While GCC banks entered the conflict with solid buffers, a prolonged standoff changes the calculus

Central banks across MENA are handing down rules they hope will protect bank balance sheets and keep credit flowing as the war in the Gulf passes the one-month mark. Fitch Ratings previously estimated GCC banks’ existing buffers could contain credit risks for one month, while Bloomberg Intelligence estimated a more generous two-month window. Central banks are cautious things by nature — they’re now girding for a longer war (or at least for more persistent fallout).

The policy response across the region has been largely coordinated in spirit, even if not in form. The central banks of the UAE, Qatar, and Kuwait all loosened liquidity rules and expanded access to central bank funding.

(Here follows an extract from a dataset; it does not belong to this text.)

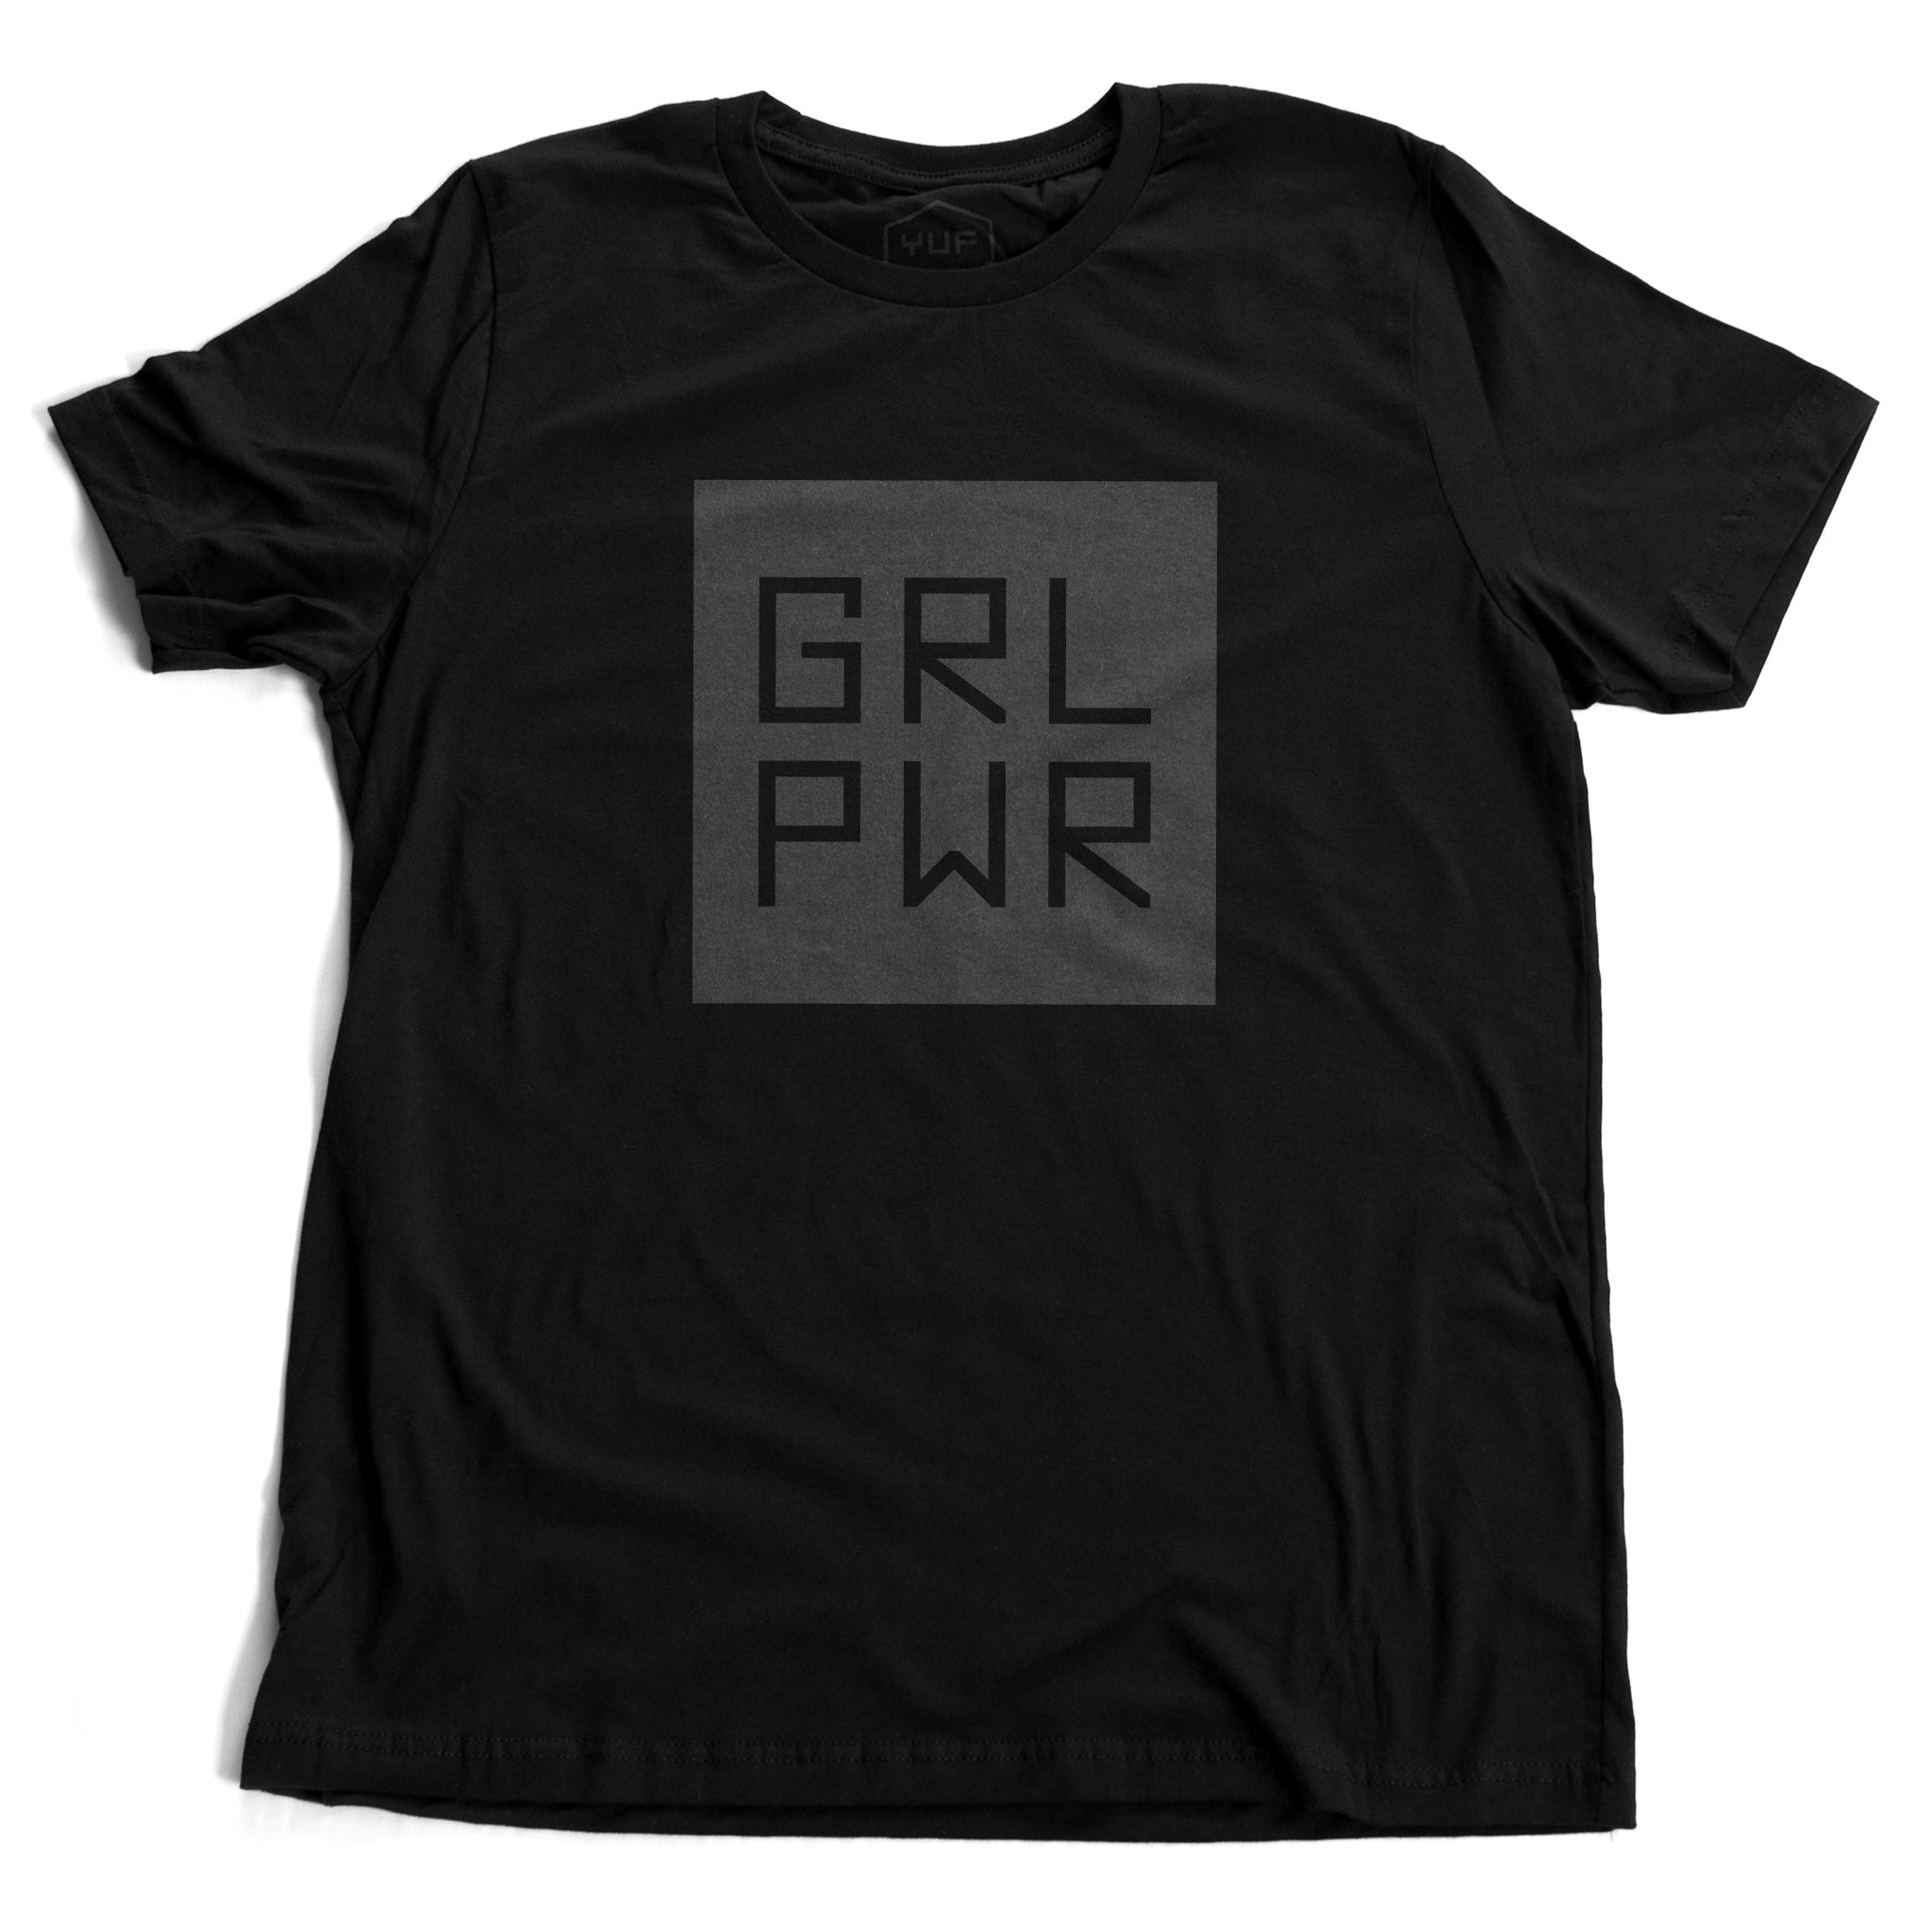 A black unisex t-shirt with a bold graphic representing “Girl Power,” abbreviated as GRL PWR. By fashion brand YUF, from wolfsaint.net

  • Kuwait cut both its liquidity coverage ratio (LCR) and net stable funding ratio (NSFR) by 20 percentage points to 80% while also cutting regulatory liquidity ratio, moves that tell banks to lend more and hedge less;
  • Qatar took a longer-term approach, cutting reserve requirements by one percentage point to 3.5% and replacing overnight repos with three-month term facilities to give banks a sustained liquidity runway;
  • The UAE earlier gave banks permission to draw down cash reserves and introduced “loan-classification flexibility” that allows lenders to delay recognizing conflict-disrupted debt as non-performing.

SOUND SMART- The LCR is a Basel III liquidity threshold that sets minimum requirements for high-quality assets a bank needs to hold to weather 30 days of financial stress on its own. The NSFR, meanwhile, governs whether a bank’s longer-term lending is matched by equally durable funding sources. By focusing on these two ratios, Kuwait signaled its focus is less on the next 30 days and more on the next 12 months.

REMEMBER- Shareholders could face a 50% cut to their 2026 dividends as executives move to preserve an estimated USD 10 bn in capital, as we reported earlier this week.

Why it matters: While GCC banks entered the conflict with solid buffers, a prolonged standoff changes the calculus. Fitch warned last month that a conflict lasting beyond one month could have “serious effects” on financial metrics. As debt capital markets become more restrictive — with average liquidity scores for GCC USD sukuk already slipping — banks are being forced into more expensive domestic funding. That shift will show up in one of two ways this quarter: Compressed net interest margins or a sharp slowdown in loan growth. While neither would be catastrophic on its own, a simultaneous squeeze on both would be problematic for a region where credit expansion has been a primary growth engine.